### Information shown
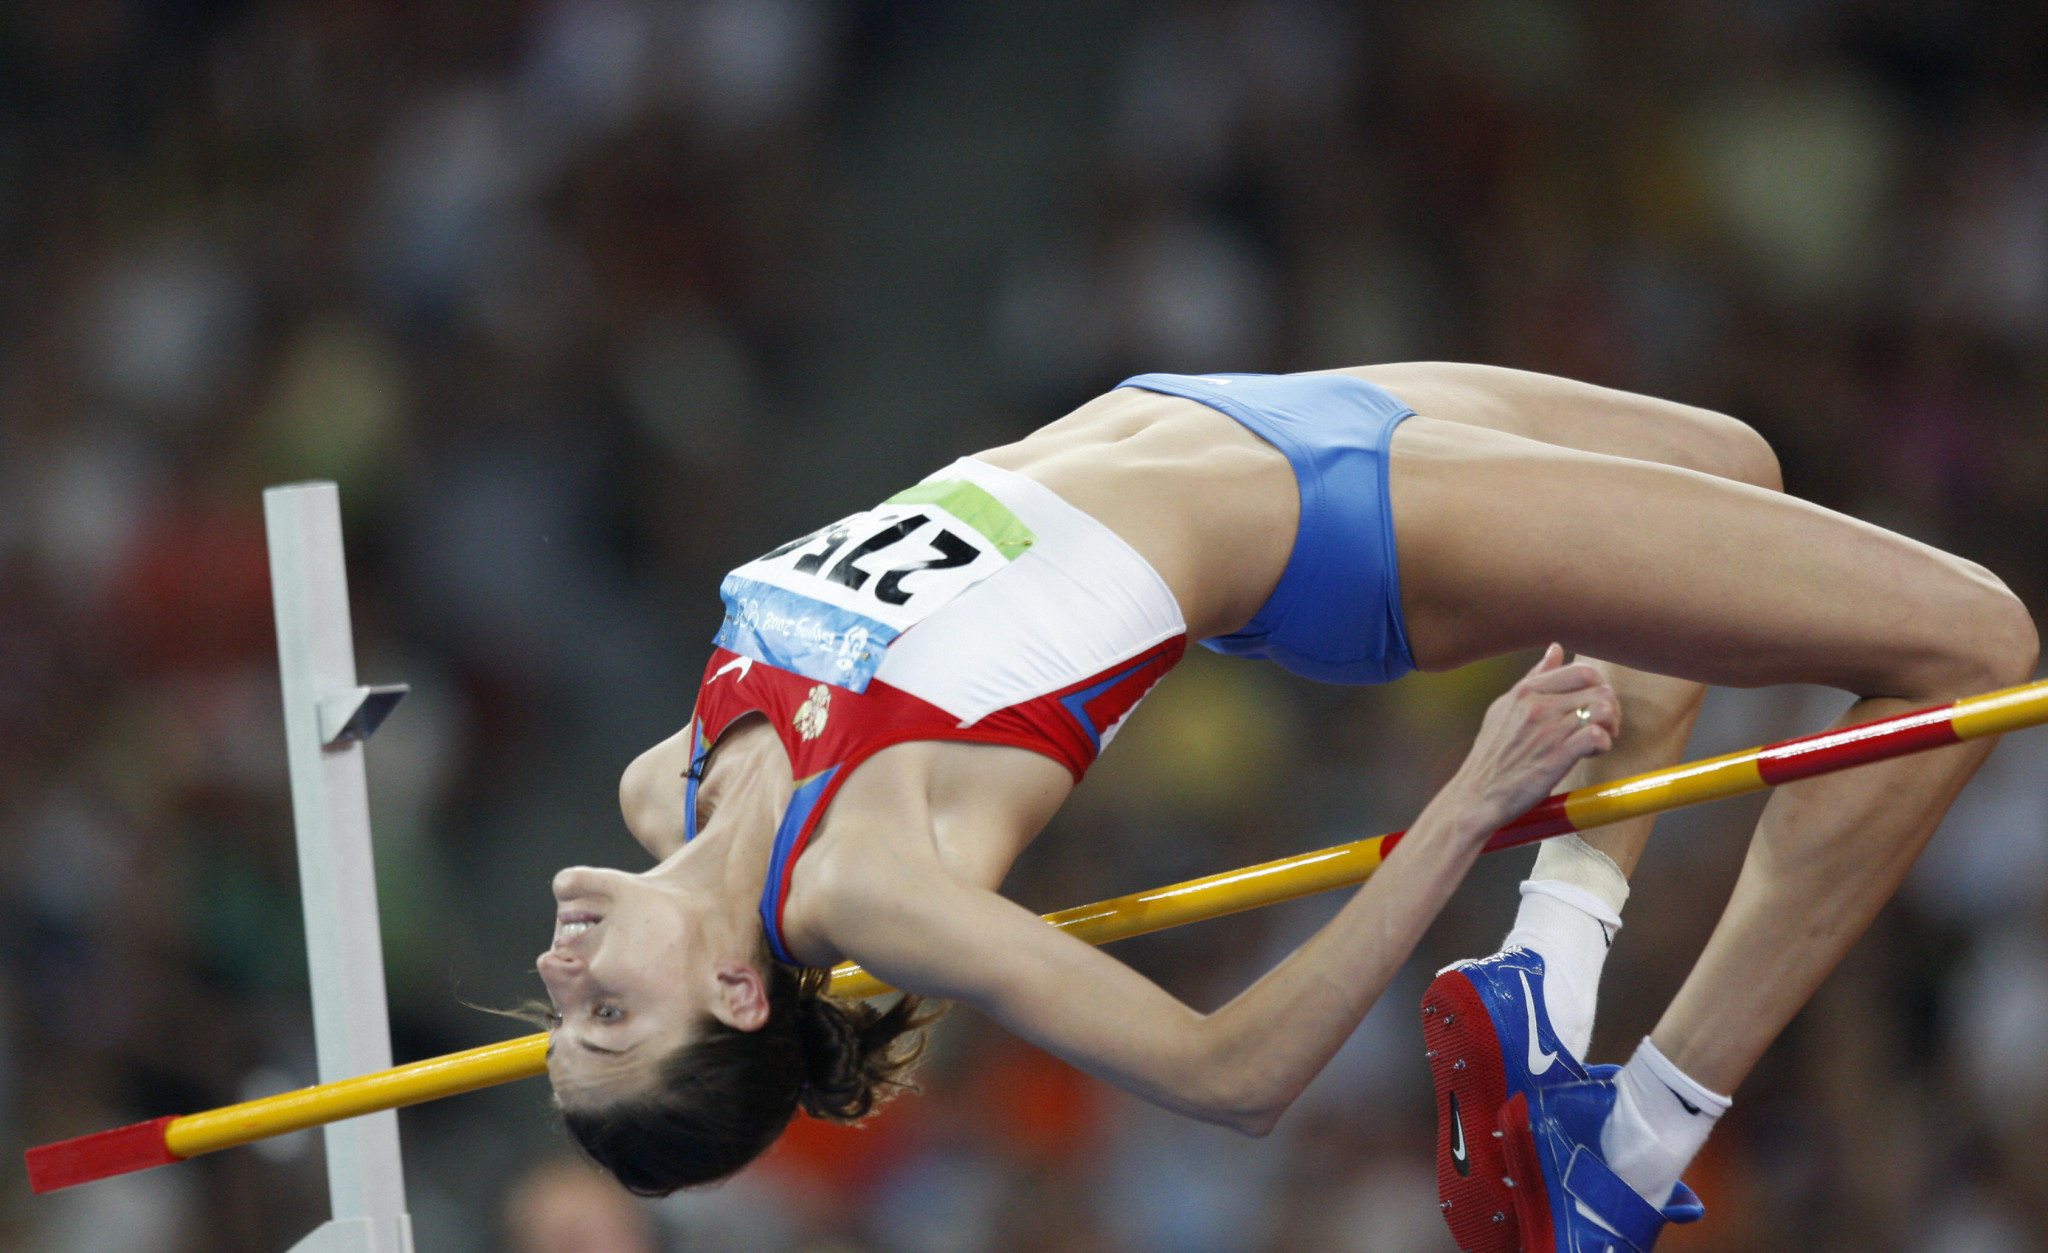 Anna Chicherova has been stripped of her Beijing 2008 bronze medals ©Getty Images
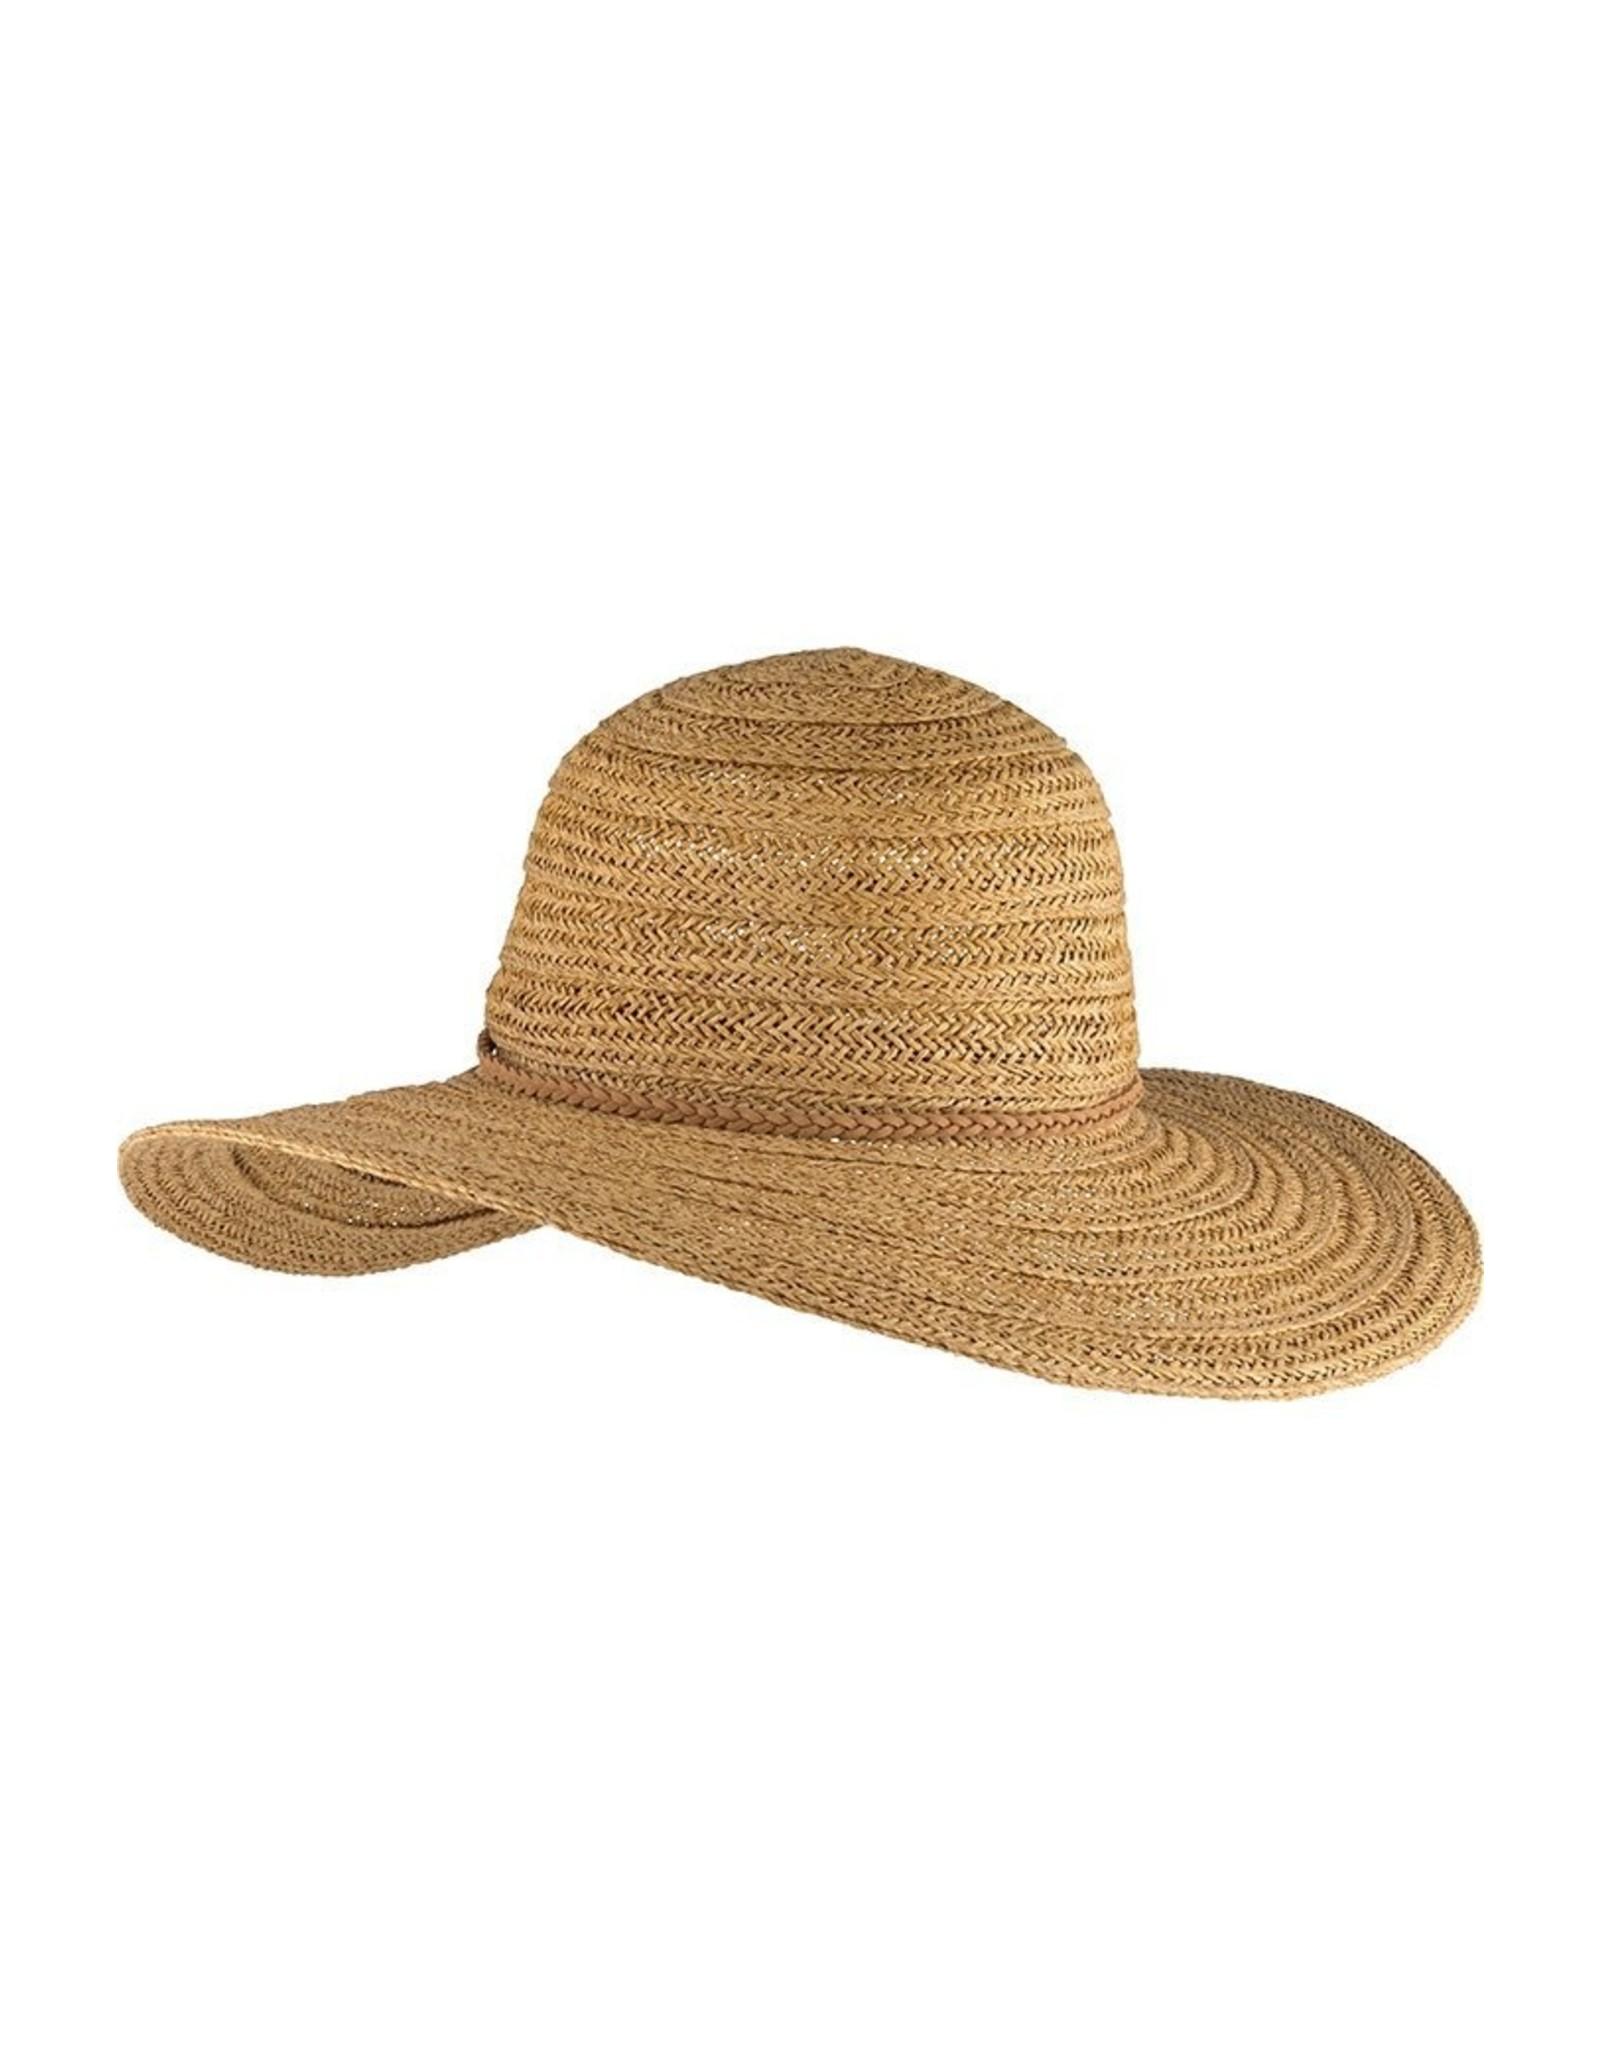 KOORINGAL LADIES' WIDE-BRIM HAT - TESS
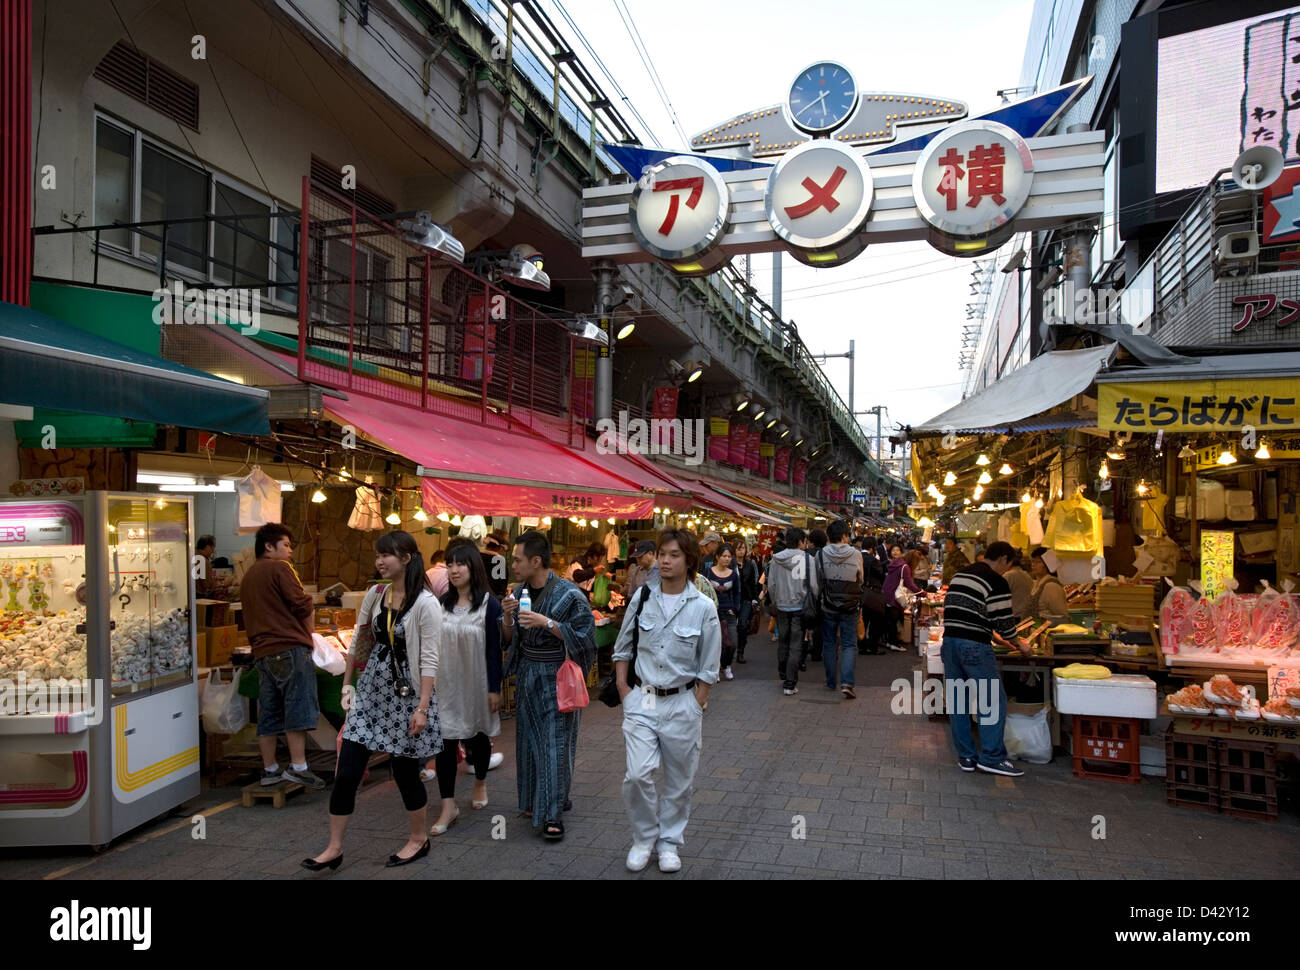 Ameyoko-cho, former black market under railway in Okachimachi Tokyo, is a thriving food and merchandise marketplace - Stock Image

### Problem details
Reproduce nothing but the lines from the line containing "KOORINGAL LADIES' WIDE-BRIM HAT - TESS" through the last line of the data above, exactly as written and without pictures.

### Problem solution
 KOORINGAL LADIES' WIDE-BRIM HAT - TESS
 Ameyoko-cho, former black market under railway in Okachimachi Tokyo, is a thriving food and merchandise marketplace - Stock Image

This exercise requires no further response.